Tag Archives: data

Human Understandable Data

One of the themes that kept coming up was the use of knowledge graphs to help the data in an organization match the conceptualizations that are used within businesses. Sure we can do this by saying we need to build an ontology or logical model or a semantic dictionary but the fundamental point that was highlighted again and again is that this data-to-business bridge was the purpose of building many knowledge graphs. It was kind of summed up in the following two slides from Michael Grove:

This also came through in Ora Lassila’s talk (now at Amazon Neptune) as well as the the tutorial I attended by Juan Sequeda about building Enterprise Knowledge Graphs from Relational Databases. Juan ran through a litany of mapping patterns all trying to bridge from data stored for specific applications to human understandable data. I’m looking forward to seeing this tutorial material available.

The Knowledge Scientist

Great to see @BethanySehon back at #kgconf with “friendly neighborhood #ontologist” Brian Donohue of @CapitalOne Talk: “Validating Categories using Knowledge Graphs” pic.twitter.com/41jjqls4h3

— The Knowledge Graph Conference (KGC) (@KGConference) May 6, 2020

Given the need to bridge the gap between application data and business level goals, new kinds of knowledge engineering and tools to facilitate that we’re also of interest. Why aren’t existing approaches enough? I think the assumption is that there’s a ton of data that people doing this activity need to deal with. Both Juan and I discussed the need to recognize these sorts of people – which we call a Knowledge Scientist– and it seemed to resonate or at least the premise behind the term did.
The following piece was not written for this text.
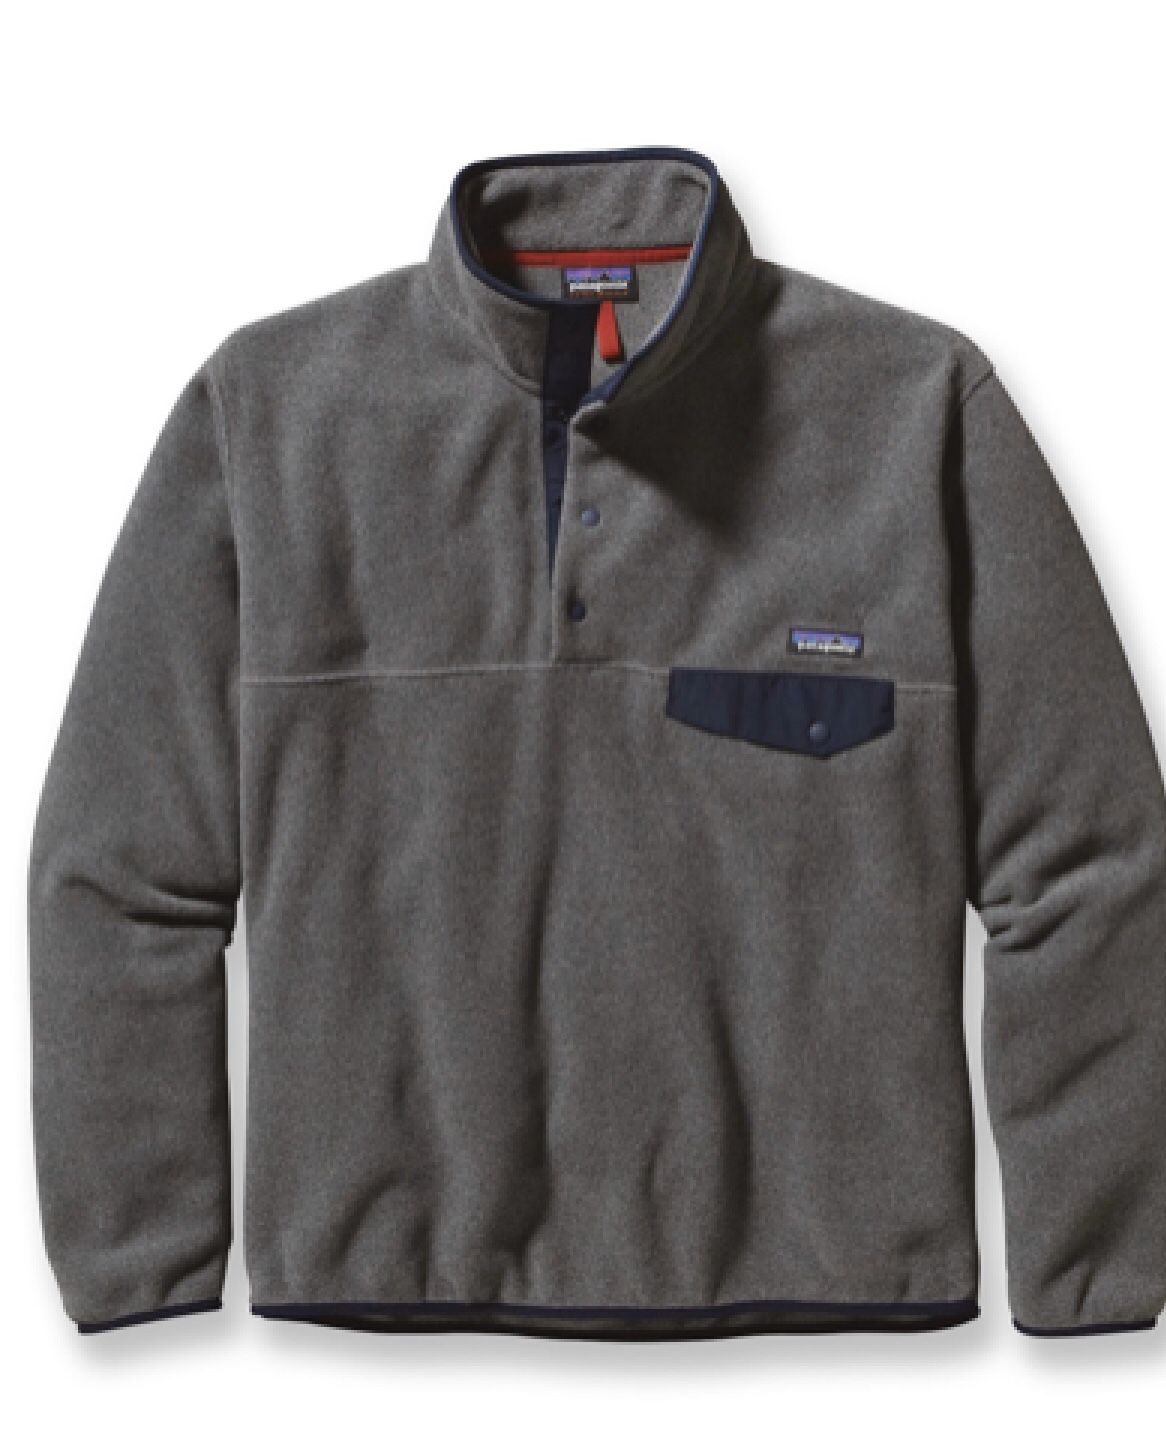 Patagonia Snap T Pullover Men’s XS Grey/blue
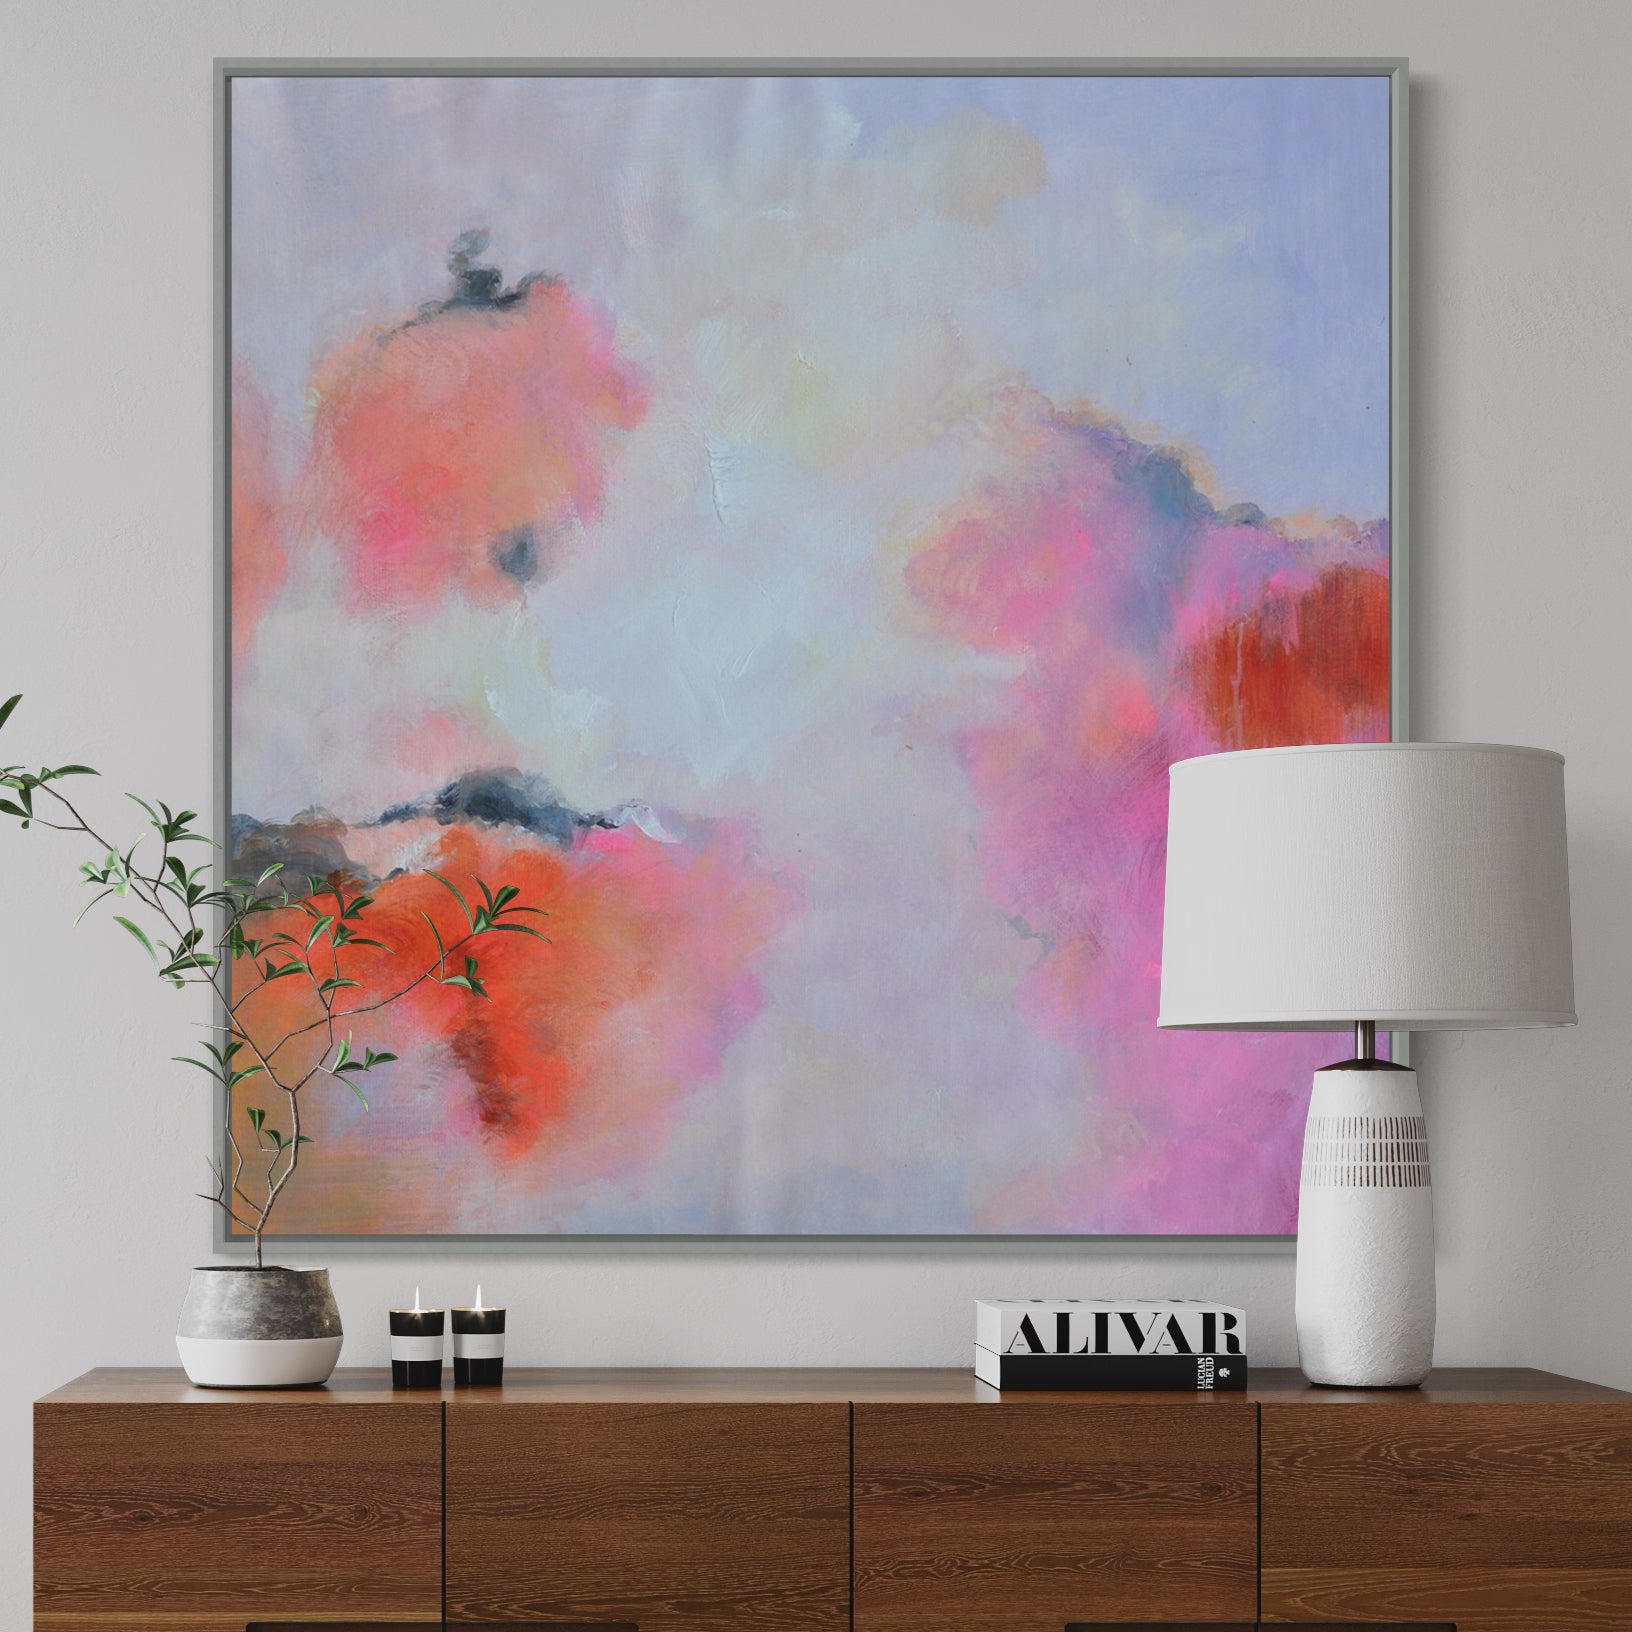 Cotton Candy, Gallery Wrap (With Bleed) / 80x80cm

An excellent example of supporting this sort of tools to support knowledge engineering was by Rafael Gonçalves on how Pinterest used WebProtege to update and manage their taxonomy (paper):

Likewise, Bryon Jacob discussed about how the first step to getting to a knowledge graph was through the better cataloging of data within the organization. It reminds me of the lesson we learned from linked data – that before we can have knowledge we need to index and catalog the underlying data. Also, I can never overlook a talk that gives a shoutout to PROV and the need for lineage and provenance 🙂 .

Knowledge Graphs as Data Assets

I really enjoyed seeing all the various kinds of application areas using knowledge graphs. There were early domain adopters for example in drug discovery and scholarly data that have pushed further in using this technology:

An excellent talk by @TPlasterer @AstraZeneca on #FAIR data and knowledge graphs in the biopharmaceutical context at the closing of the #kgc2020 conference. What a great show, thanks so much for organizing this @KGConference! Judging by the burgeoning Slack, it will live on 🙂 pic.twitter.com/yby11ngNzr

— Kees van Bochove (@keesvanbochove) May 7, 2020

https://twitter.com/azraiekv/status/1258082941315559430

But also new domains like personal health (e.g. deck from Jim Hendler).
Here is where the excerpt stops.